Classes#
For now, there is the LinearChain class including both the model and NEGF solver routines. This will be in future separated into a generic System class, with child classes of different specific systems (like LinearChain).
- class fuNEGF.models.LinearChain(N=100, eps_0=0, t=1, a=1, H_impurity=None, make_H_periodic=False, plot_dispersion=True)#
Bases:
object
Linear chain tight-binding model with NEGF solver. Include arbitrary on-site potential impurities.
- G_R_fun(k, E, Sigma_0=None)#
The retarded Green’s function for a given k and energy E.
- Parameters:
k (float) – the Bloch wave vector.
E (float) – Energy in eV.
Sigma_0 (N-by-N numpy array, optional) – The internal self-energy. Defaults to None.
- Returns:
the retarded Green’s function in matrix form.
- Return type:
N-by-N numpy array
- Greens_functions_solver(k, E, D0_phase, D0_phase_momentum, N_sc=70)#
- Self-consistent iterative NEGF solver in case where the phase and momentum relaxation
are defined in terms of the Green’s functions themselves (see Datta’s Lessons from Nanoelectronics B).
- Parameters:
k (float) – the Bloch wave vector.
E (float) – Energy in eV.
D0_phase (float) – The phase relaxation parameter.
D0_phase_momentum (float) – The phase+momentum relaxation parameter.
N_sc (int, optional) – Number of self-consistent iteration steps: typically a value around 50 should be enough. Defaults to 70.
- Returns:
- the self-consistently solved Green’s functions (retarded, advanced, electron occupation), the internal self-energy Sigma_0,
and the in-scattering self-energy Sigma_in_0.
- Return type:
N-by-N numpy arrays
- add_H_impurity(H_impurity, plot_dispersion=False)#
Add an impurity Hamiltonian.
- Parameters:
H_impurity (N-by-N numpy array) – The impurity Hamiltonian (typically an Anderson disorder).
plot_dispersion (bool, optional) – Plot the numerical and analytical dispersion. Defaults to False.
- compare_dispersion_analytic_vs_numerical()#
Plots a comparison of the analytical and numerical dispersion.

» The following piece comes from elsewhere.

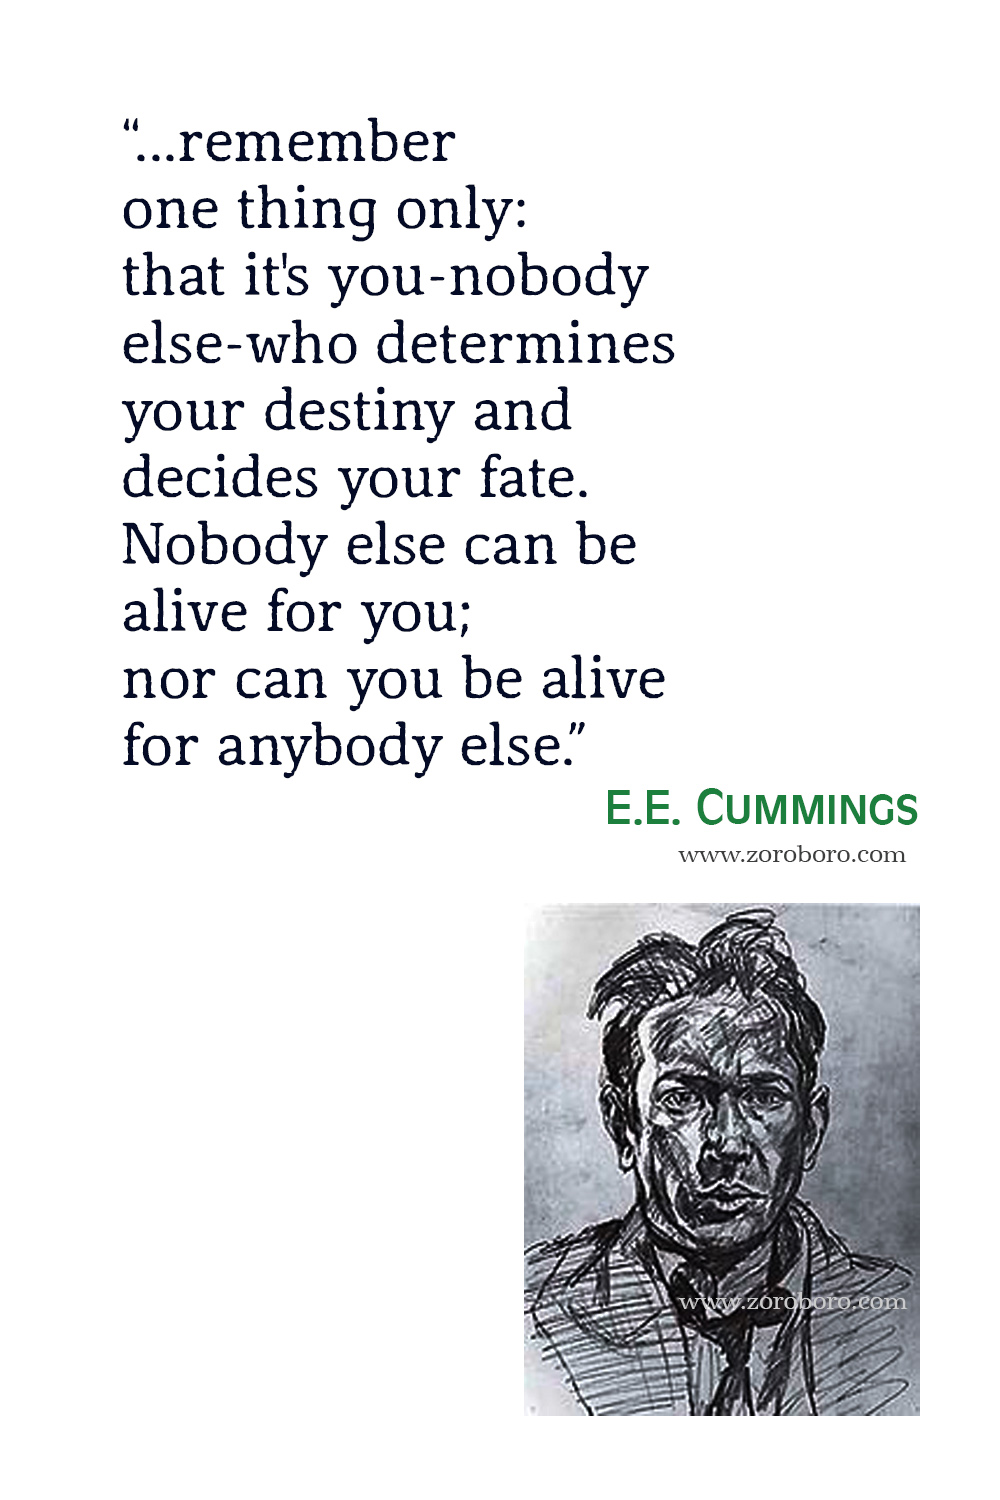 E. E. Cummings Quotes, E. E. Cummings Poems, E. E. Cummings Love Poems, E. E. Cummings Poetry, E. E. Cummings Books, E. E. Cummings.
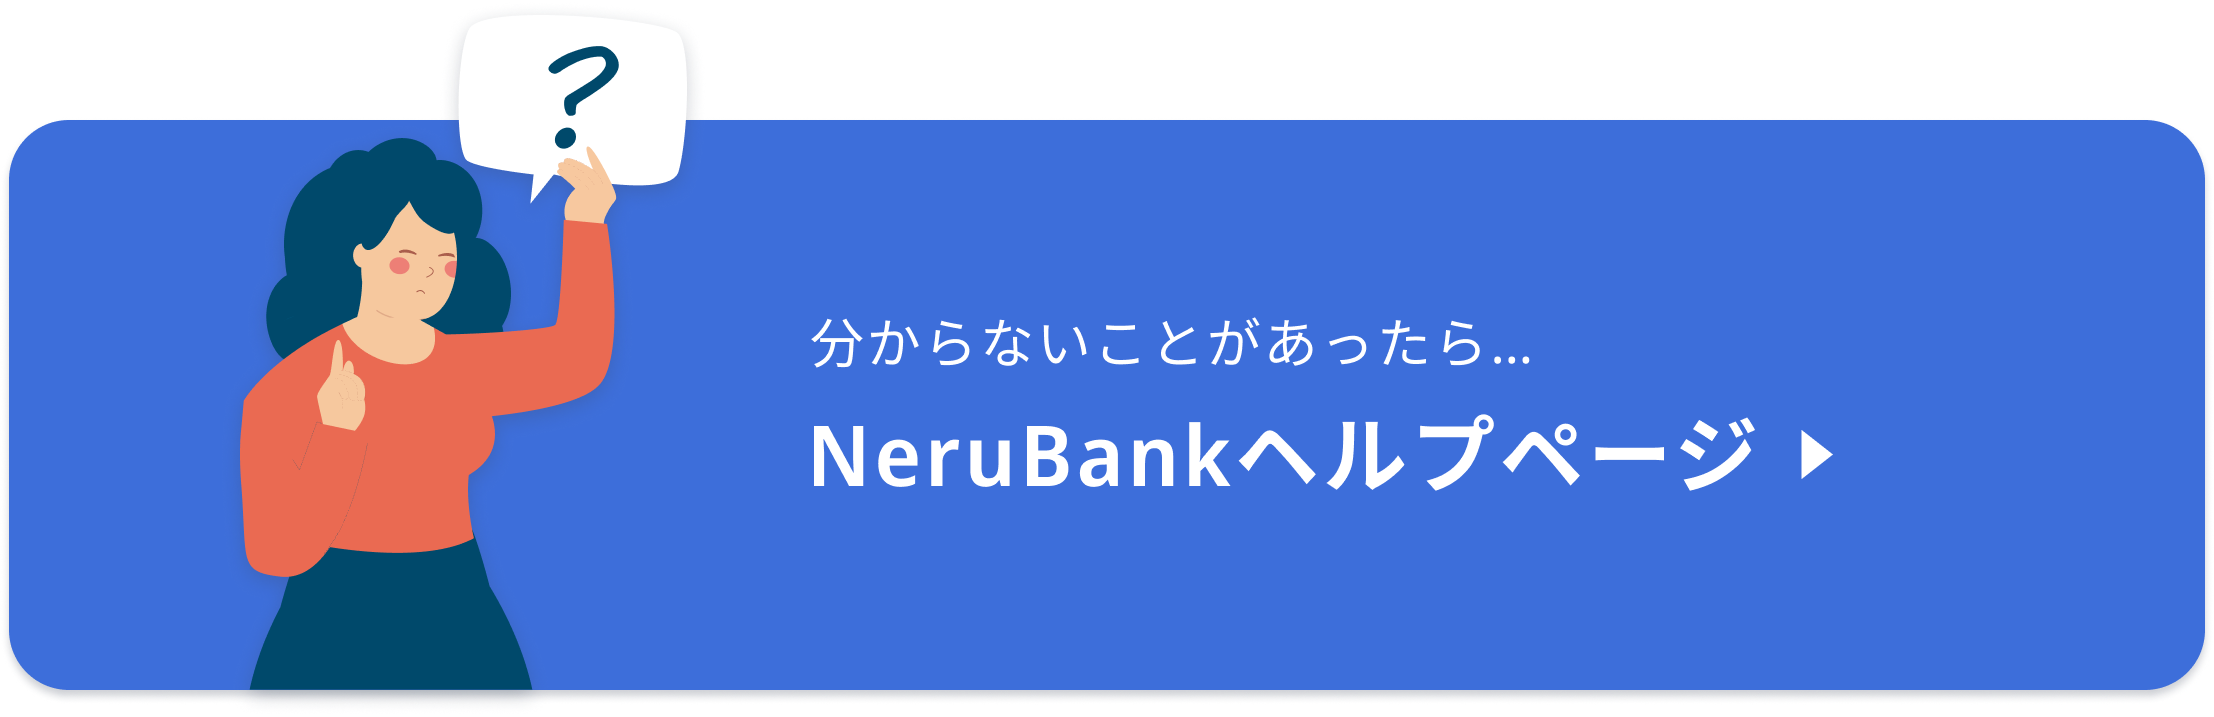 分からないことがあったら、NeruBankヘルプページ

- construct_H(make_H_periodic=False, print_H_matrix=False)#
Construct the linear chain tight-binding Hamiltonian.
- Parameters:
make_H_periodic (bool, optional) – If True, the Hamiltonian will be made periodic by adding t hopping to the [N-1, 0] and [0, N-1] sites. Defaults to False.
print_H_matrix (bool, optional) – If True, prints the Hamiltonian matrix. Defaults to False.
- plot_occupation(D0_phase, D0_phase_momentum, N_sc=70, E_to_plot=0, show=True, ax=None)#
- Plot the occupation f(j) of the sites j in the chain, which in the case f1=1, f2=0 corresponds to the
electrochemical potential mu(j) = qV f(j), where a potential V is imagined to be applied across the device and q is the electron charge.
- Parameters:
D0_phase (float) – The phase relaxation parameter.
D0_phase_momentum (float) – The phase+momentum relaxation parameter.
N_sc (int, optional) – Number of self-consistent iteration steps: typically a value around 50 should be enough. Defaults to 70. N_sc=1 effectively turns off the phase/momentum relaxation.
E_to_plot (int, optional) – The energy at which to plot the occupation. Defaults to 0.
show (bool, optional) – If True, the plot will be shown. Defaults to True.
ax (_type_, optional) – If provided, the figure will be plotted to ax. Defaults to None.
- plot_onsite_energy(ax=None)#
Plot the on-site energy as horizontal lines.
- Parameters:
ax (matplotlib.pyplot axis object, optional) – If provided, the figure will be plotted to ax. Defaults to None.
- plot_transmission(ax=None)#
Plots the transmission function T(E) given by T = Tr[Gamma_1 G_R Gamma_2 G_A].
- Parameters:
ax (matplotlib.pyplot axis object, optional) – If provided, the figure will be plotted to ax. Defaults to None.